Сын медленно отошел в сторону, в темноту.
Оля загасила окурок о балюстраду; во всем мире было тихо, только еле слышно гудел уходящий за горизонт самолет.
Дима подумал, что лучше бы стекло, окружавшее его последние дни, удержалось и не треснуло. Лучше бы оно не впускало в трещину ни этот вечер, ни эти огни, ни этот самолет. Он наверняка бы осознал ошибку – но не сейчас, когда еще можно все изменить. Потом он вспомнит этот вечер; ТАМ он будет несчастлив, и, что самое страшное, Женька будет несчастлив тоже. И вот он вспомнит этот вечер и поймет – все можно было изменить…
И не захочет жить.
Он тряхнул головой.
– Что с тобой? – спросила Оля.
ОНА будет счастлива.
Коту не ужиться с собакой.
– Да что с тобой, Дима?!
Он хотел ответить – и тут увидел Женьку.
Их сын стоял в нескольких шагах, у балюстрады; курил, неумело затягиваясь, кашляя и затягиваясь снова.
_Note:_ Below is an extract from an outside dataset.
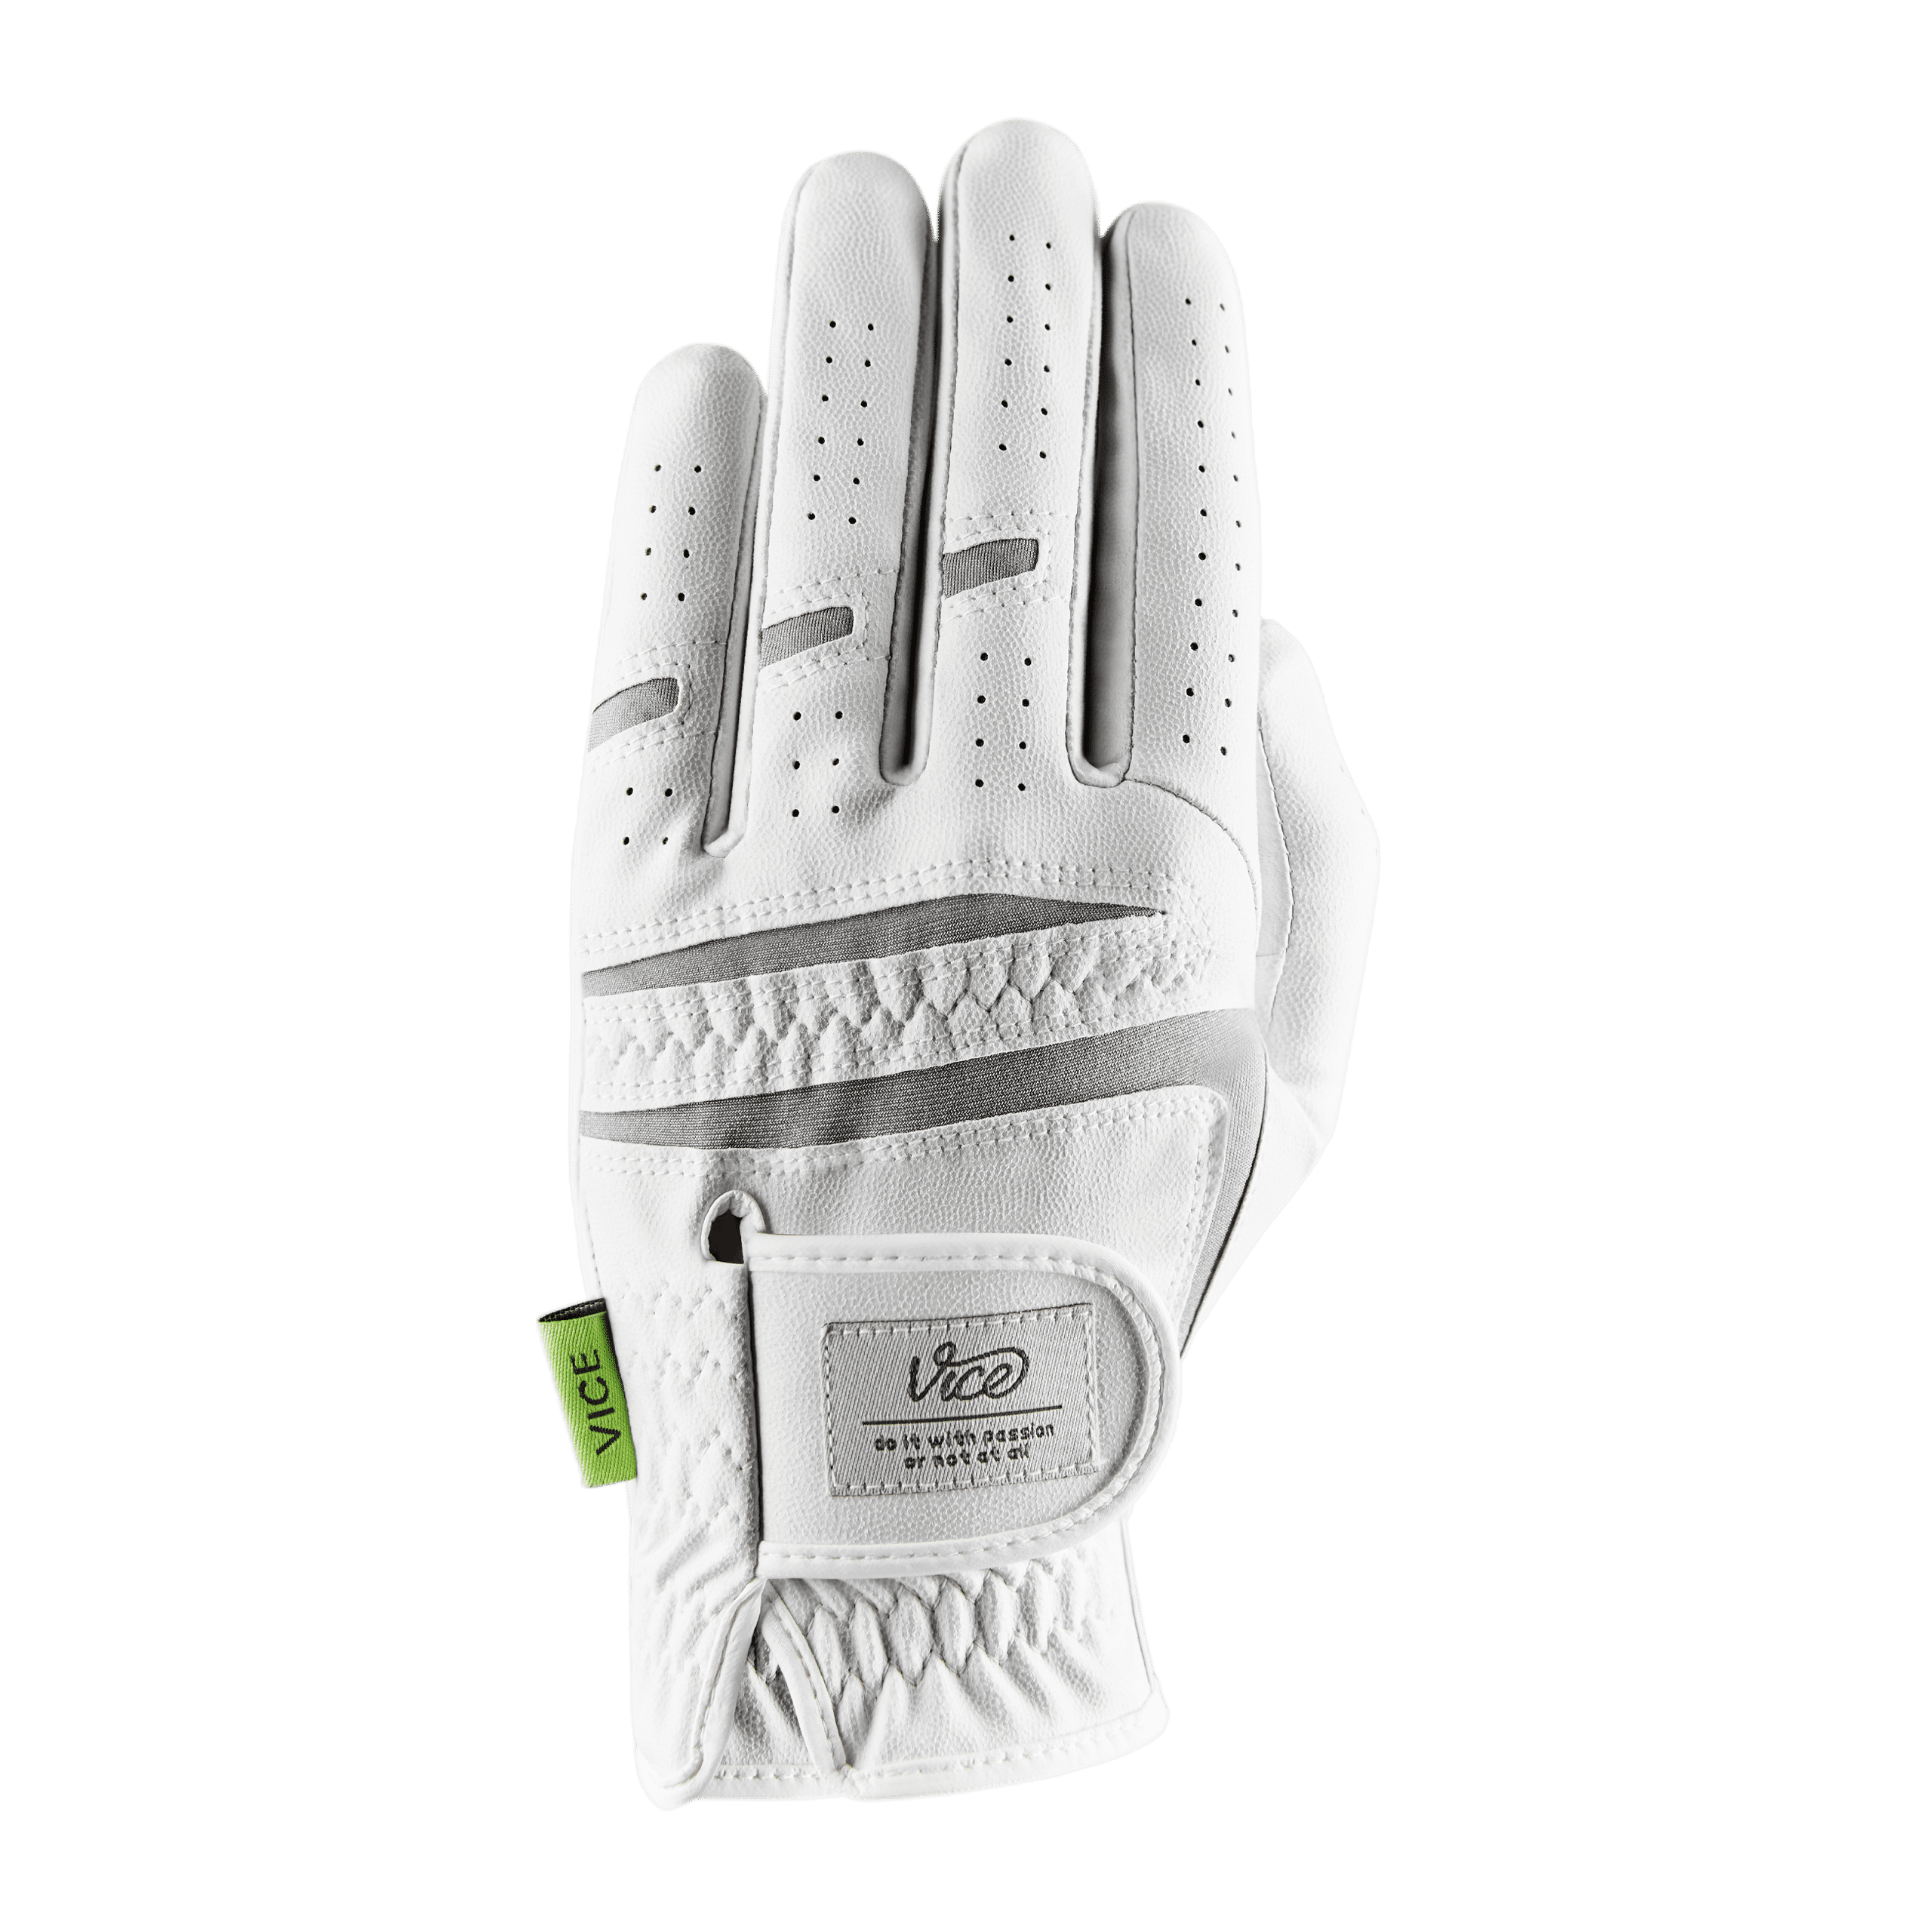 Vice Golf White Duro Golf Glove Left Hand - medium large - Walmart.com

Глаза его странно блестели – может быть, от первой закуренной сигареты…
Женька смотрел вниз, на Днепр, на мосты, на огни.
Оля хотела что-то сказать, уже открыла рот…
И осеклась.
Женька молчал. Курил, глотая попеременно дым и слезы; Дима понял, ЧТО именно сейчас, сию секунду, чувствует его сын.
– Женька, ты… Брось… ты что…
– Он уже взрослый, – стеклянным голосом сказала Оля… Ольга. – Я в его возрасте уже закурила…
Женька не посмотрел на нее.
Дима подошел к сыну. Встал рядом – и увидел, как вырос Женька за последние месяцы. Вытянулся. Стал шире в плечах.
– Женька…
Молчание.
Господи, да что же делать?! Он проявил слабость, он дал втянуть себя в эту гонку, в чужую, чуждую ему игру, и ведь для его сына эта игра тоже никогда не станет своей! Он будет сыт, одет, пристроен… Несчастен.
Что делать?!
– Ничего, – сказал сын сдавленным тусклым голосом. – Я просто… что «Динамо» проиграло… я… в порядке. Все…
Все.
Аэропорт, таможенники, чемоданы и сумки… Заграничные паспорта… Визы… Спокойный и свободный мир между контролем и посадкой, мир «дьюти фри», где пахнет кофе и духами…
«Объявляется посадка»…
Дима вытащил из внутреннего кармана авиабилет в ярком конвертике.
Вытряхнул на балюстраду несколько листков, скрепленных скрепкой.
Вырвал оранжевый листок – мелькнули номер рейса, номер места, еще какая-то подробная доброжелательная чушь.
Спокойно, аккуратно сложил маленький самолетик…
Он не должен был лететь, этот самолет. Слишком узенький клочок бумаги, слишком малая площадь крыла.
Но он полетел.
Поймал восходящий поток – и полетел не вниз, а вверх. К Владимиру с его крестом, над верхушками деревьев, над Днепром…
«Пристегните ремни»…
Ольга открывала и закрывала рот – как будто разом растеряла все обидные слова для обозначения умственно неполноценных.